VanadiumCorp Resource Inc., is a mineral exploration company located in Vancouver, Canada, with 100% ownership in the Lac Doré Vanadium, Iron and Titanium Project, located 27 km east-southeast from the city of Chibougamau in Québec, as well as the Iron T, VTM deposit in Matagami. VanadiumCorp also owns 100% of a novel hydrometallurgical process, VEPT (VanadiumCorp, Electrochem, Process Technology) invented by Dr. Francois Cardarelli, that consists of digesting vanadiferous feedstocks into concentrated sulfuric acid. The technology addresses the recovery of vanadium pentoxide, vanadyl sulphate, ferrous sulphate, titanium hydrolysate, and silica from feedstocks such as vanadiferous titano- magnetite, iron ores and concentrates such as magnetite and hematite, vanadium industrial wastes such as BOF-slags, and other industrial by-products also containing vanadium.
On behalf of the board of VanadiumCorp:
Paul McGuigan. P. Geo.
Director and Interim Chief Executive Officer
Neither the TSX Venture Exchange nor its Regulation Services Provider (as that term is defined in the policies of the TSX Venture Exchange) accepts responsibility for the adequacy or accuracy of this release.

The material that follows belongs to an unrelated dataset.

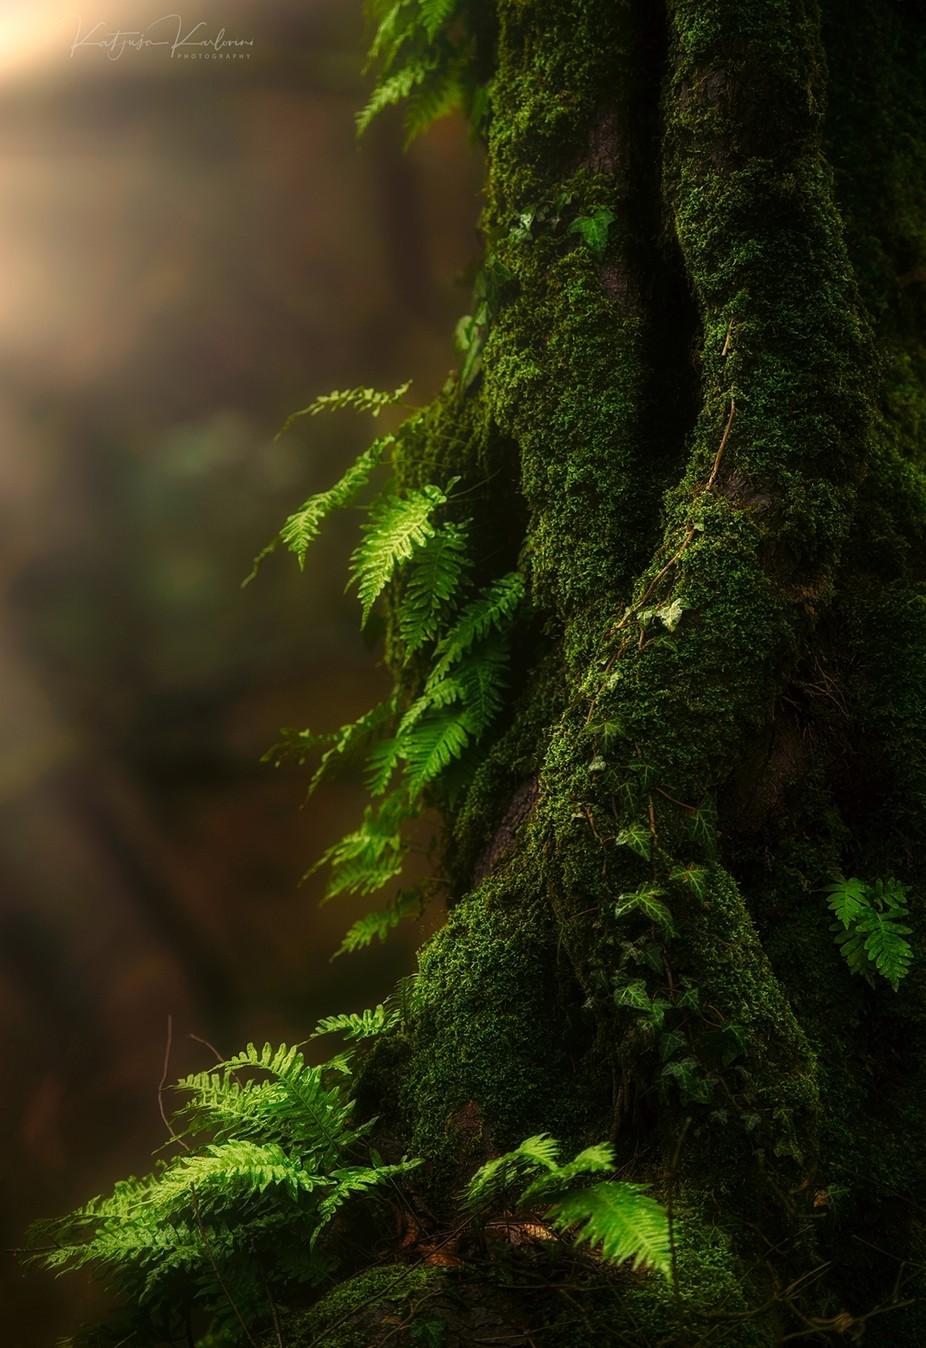 Shy by Katjusa_Karlovini - The Nature Lover Photo Contest
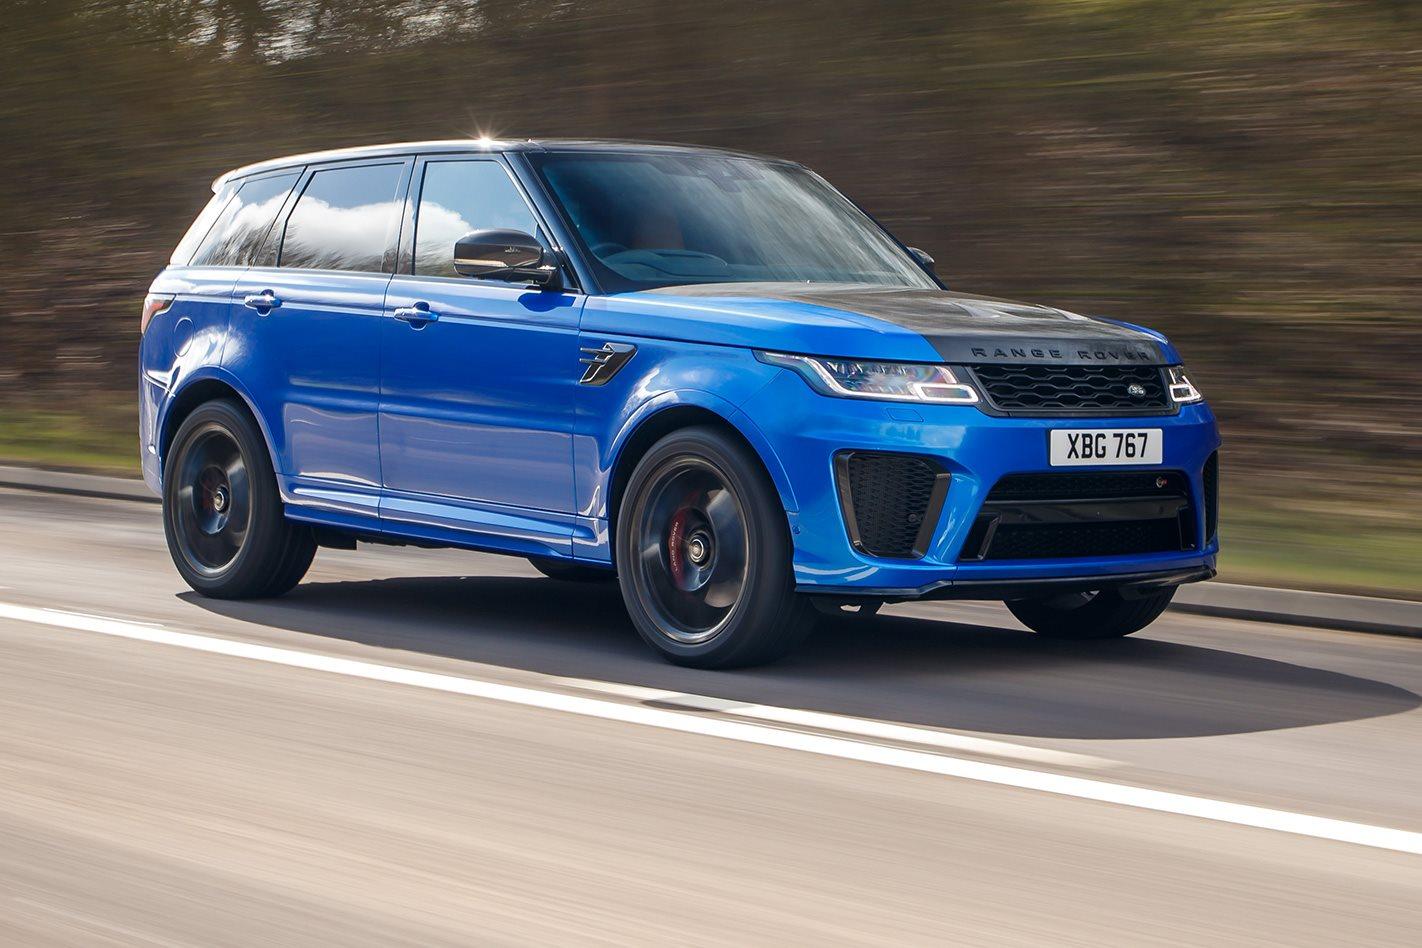 2015 Land Rover Range Rover Evoque Pure >> 2018 Range Rover Sport SVR review

Cautionary Note – The information in this news release includes certain “forward-looking statements” All statements, other than statements of historical fact, included herein including, without limitation, plans for and intentions with respect to the company’s properties, statements regarding intentions with respect to obligations due for various projects, strategic alternatives, quantity of resources or reserves, timing of permitting, construction and production and other milestones, are forward-looking statements. Statements concerning Mineral Reserves and Mineral Resources are also forward-looking statements in that they reflect an assessment, based on certain assumptions, of the mineralization that would be encountered and mining results if the project were developed and mined in the manner described. Mineral resources that are not mineral reserves do not have demonstrated economic viability. Forward-looking statements involve various risks and uncertainties. There can be no assurance that such statements will prove to be accurate, and actual results and future events could differ materially from those anticipated in such statements. Important factors that could cause actual results to differ materially from VRB’s expectations include the uncertainties involving the need for additional financing to explore and develop properties and availability of financing in the debt and capital markets; uncertainties involved in the interpretation of drilling results and geological tests and the estimation of reserves and resources; the need for cooperation of government agencies and local groups in the exploration, and development of properties; and the need to obtain permits and governmental approval. VRB’s forward-looking statements reflect the beliefs, opinions and projections of management on the date the statements are made. VRB assumes no obligation to update the forward looking statements if management’s beliefs, opinions, projections, or other factors should they change.